With the Weight Round-Robin, each upstream server node has a corresponding routing weight ratio. The difference from Round-Robin is that each upstream node has more chances to be routed according to its weight. This algorithm is more suitable to use when the upstream server node machine configuration is not the same.

The Fixed algorithm is a hybrid algorithm. It can ensure that the same data is routed to the same upstream server node, and when the upstream server scales out, it still maintains routing to the same node; unless the upstream node does not exist, it will reroute. This algorithm is mainly used in the SkyWalking Meter protocol because this protocol needs to ensure that the metrics of the same service instance are sent to the same OAP node. The Routing steps are as follows:

Generate a unique identification string based on the data content, as short as possible. The amount of data is controllable.
Get the upstream node of identity from LRU Cache, and use it if it exists.
According to the identification, generate the corresponding hash value, and find the upstream server node from the upstream list.
Save the mapping relationship between the upstream server node and identification to LRU Cache.

The advantage of this algorithm is to bind the data with the upstream server node as much as possible, so the upstream server can better process continuous data. The disadvantage is that it takes up a certain amount of memory space to save the corresponding relationship.

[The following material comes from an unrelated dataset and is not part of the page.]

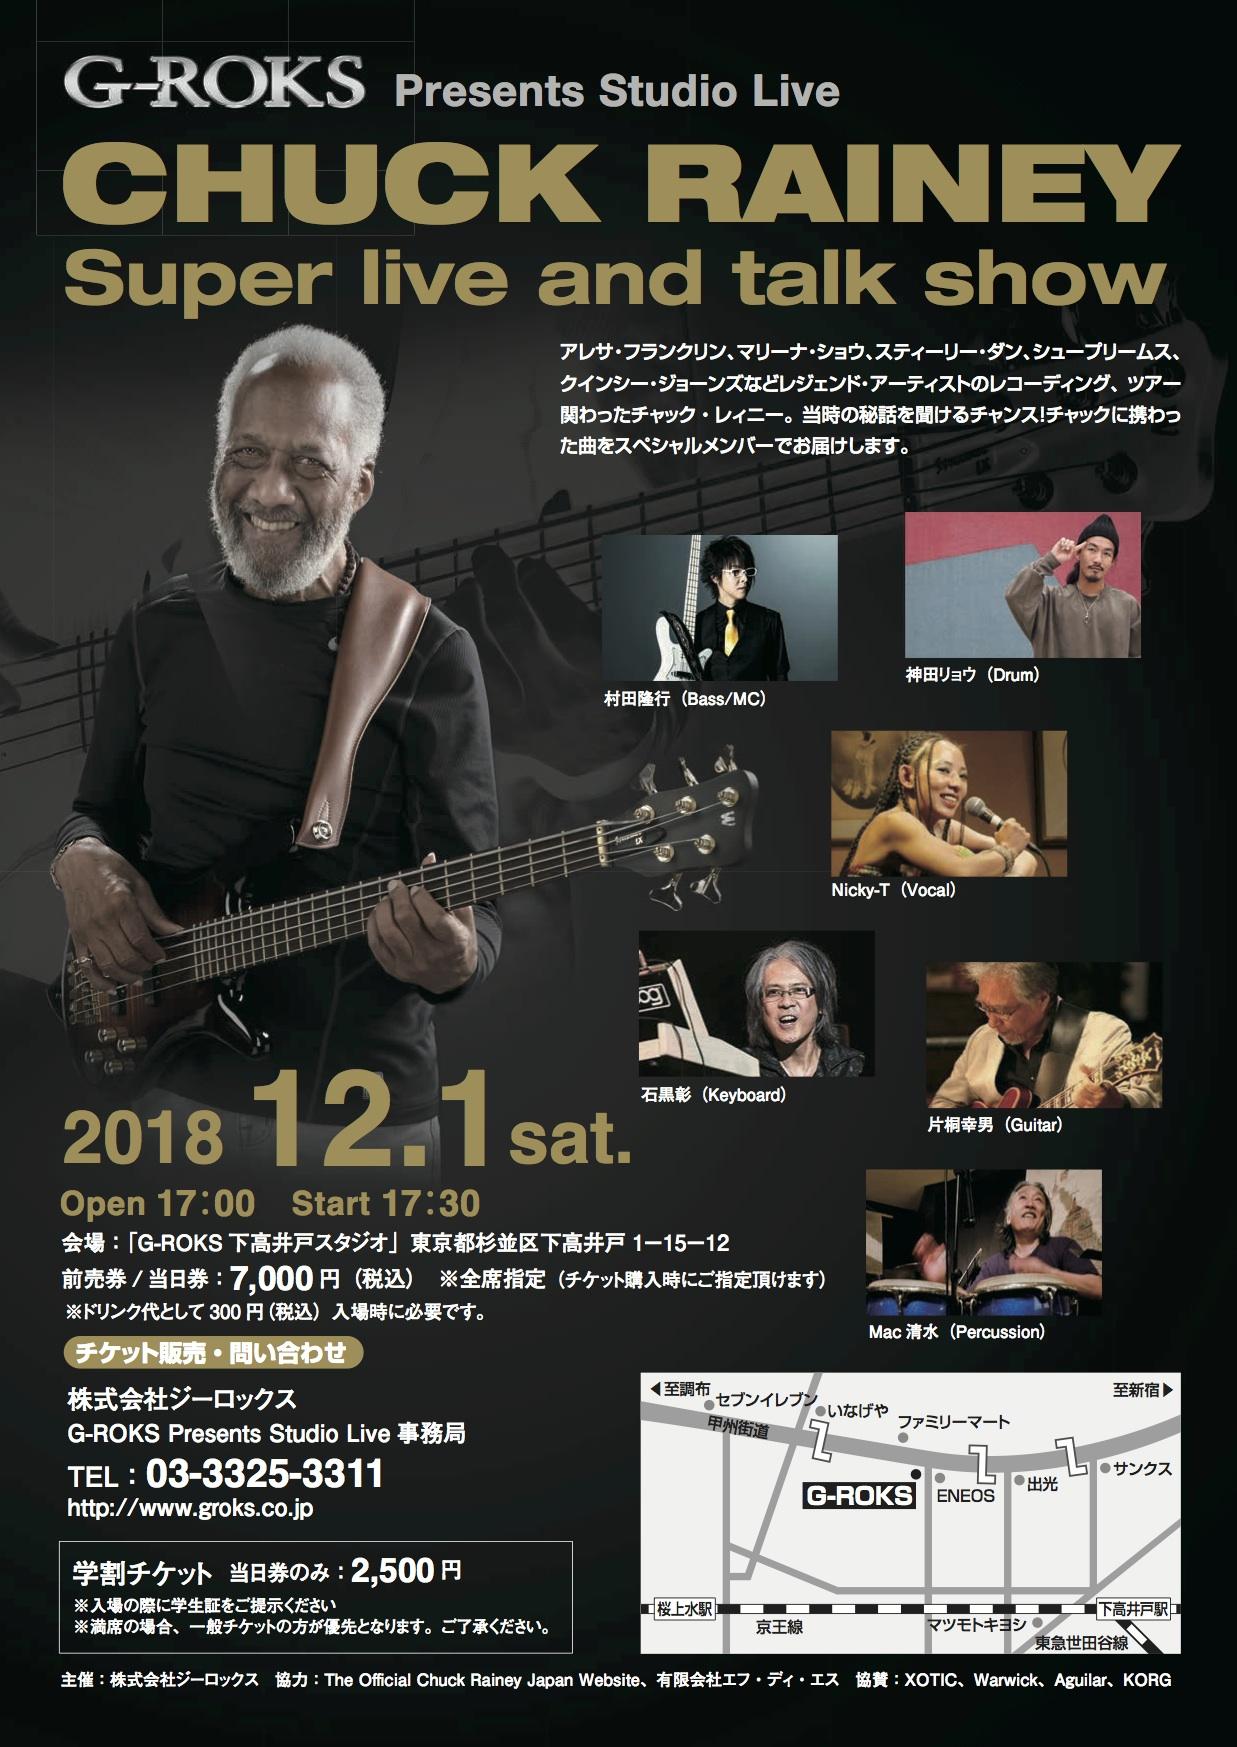 chuck rainey super live and talk show チャック レイニー 日本公式

As shown below, the image is divided into two parts:

The left side represents that the same data content always is routed to the same server node.
The right side represents the data routing algorithm. Get the number from the data, and use the remainder algorithm to obtain the position.

We choose to use a combination of Round-Robin and Fixed algorithm for routing:

The Fixed routing algorithm is suitable for specific protocols, mainly used when passing metrics data to the SkyWalking Meter protocol
The Round-Robin algorithm is used by default. When the SkyWalking OAP cluster is deployed, the configuration of the nodes needs to be as much the same as possible, so there would be no need to use the Weight Round-Robin algorithm.

How to balance the load balancer itself?

Proxy still needs to deal with the load balancing problem from client to itself, especially when deploying a Proxy cluster in a production environment.

There are three ways to solve this problem:

Connection management: Use the max_connection config on the client-side to specify the maximum connection duration of each connection. For more information, please read the proposal.
Cluster awareness: The proxy has cluster awareness, and actively disconnects the connection when the load is unbalanced to allow the client to re-pick up the proxy.
Resource limit+HPA: Restrict the connection resource situation of each proxy, and no longer accept new connections when the resource limit is reached. And use the HPA mechanism of Kubernetes to dynamically scale out the number of the proxy.

	Connection management	Cluster awareness	Resource Limit+HPA
Pros	Simple to use	Ensure that the number of connections in each proxy is relatively	Simple to use
Cons	Each client needs to ensure that data is not lost The client is required to accept GOWAY responses	May cause a sudden increase in traffic on some nodes Each client needs to ensure that data is not lost	Traffic will not be particularly balanced in each instance

We choose Limit+HPA for these reasons:

Easy to config and use the proxy and easy to understand based on basic data metrics.
No data loss due to broken connection. There is no need for the client to implement any other protocols to prevent data loss, especially when the client is a commercial product.
The connection of each node in the proxy cluster does not need to be particularly balanced, as long as the proxy node itself is high-performance.

SkyWalking-Satellite

We have implemented this Proxy in the SkyWalking-Satellite project. It’s used between Client and SkyWalking OAP, effectively solving the load balancing problem.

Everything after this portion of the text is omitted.